======== Records for this exercise ========
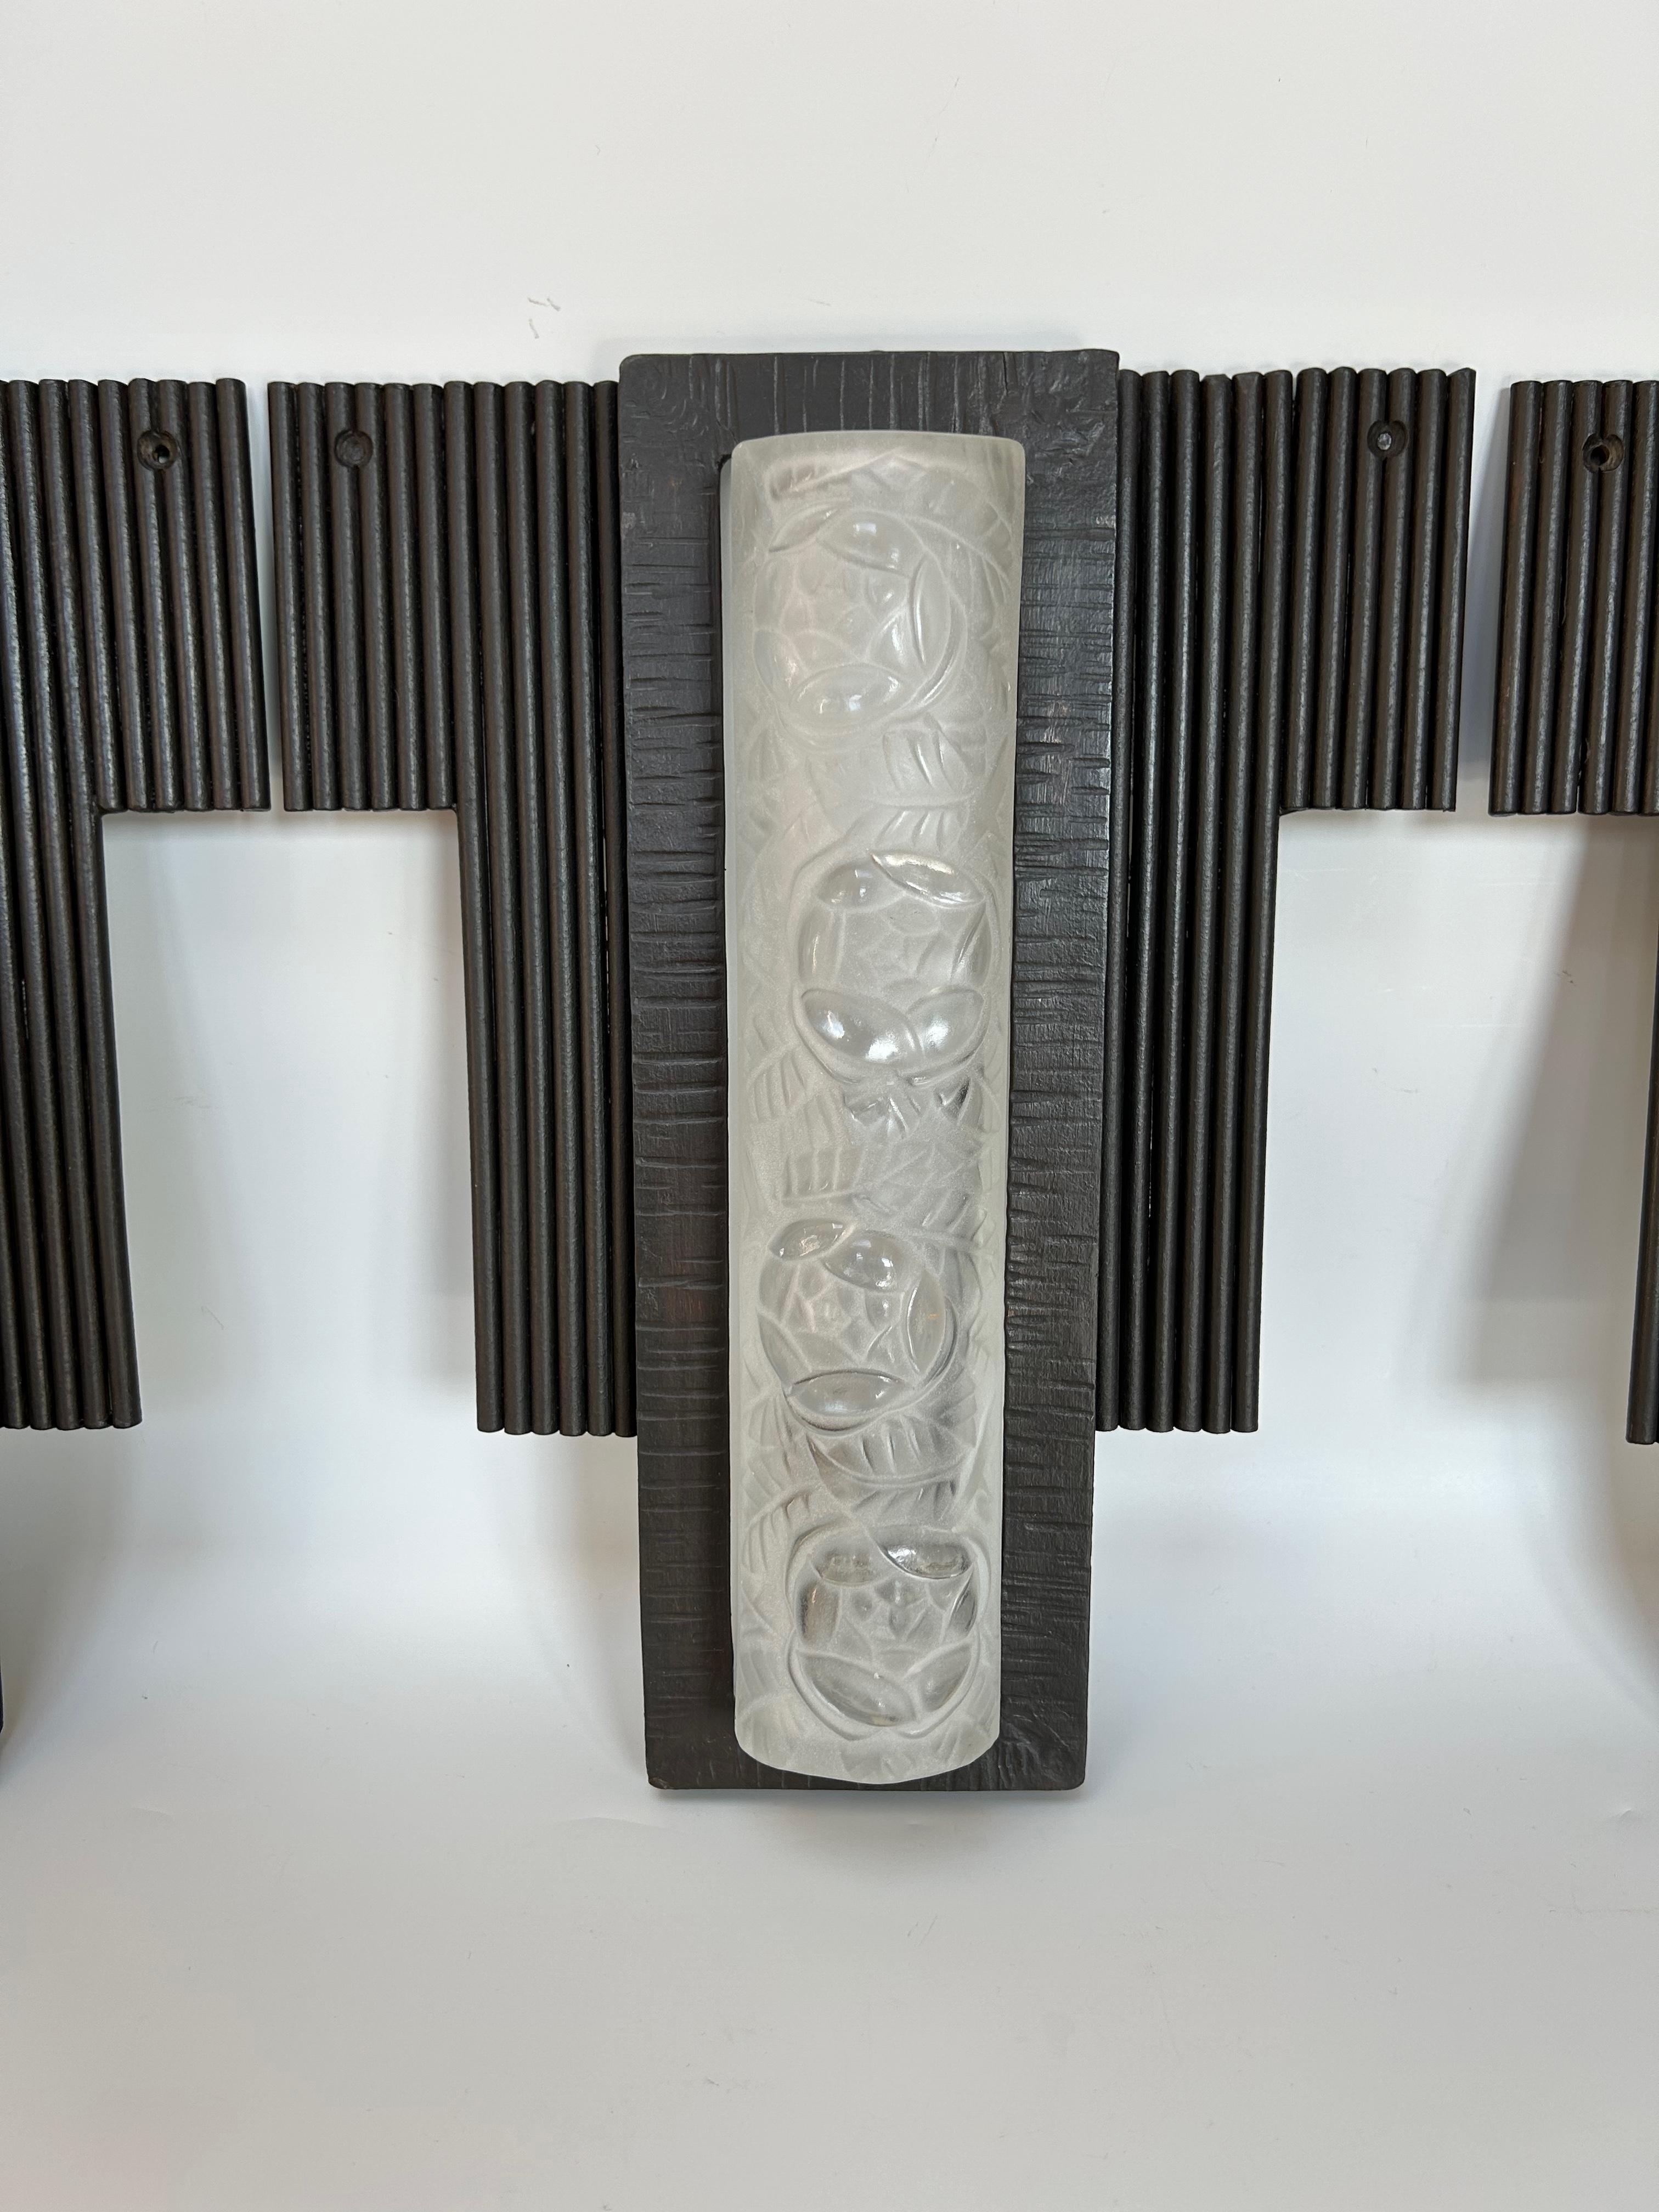 Suite von 3 Art-Deco-Wandleuchten Modell 501 von Degué, verziert mit Rosen und Blättern. 
Rahmen aus Schmiedeeisen
Elektrifiziert und in perfektem Zustand.

Breite: 25,2 cm
Höhe: 31,5 cm
Tiefe: 6,5 cm
Gewicht: 7,3 kg (2,4 kg x 3)

DEGUE (David
========
**What this task involves**. All lines from the one that contains "Breite: 25,2 cm" through the end of the listing above should be copied exactly, with nothing else.

**Response to the task**.
Breite: 25,2 cm
Höhe: 31,5 cm
Tiefe: 6,5 cm
Gewicht: 7,3 kg (2,4 kg x 3)

DEGUE (David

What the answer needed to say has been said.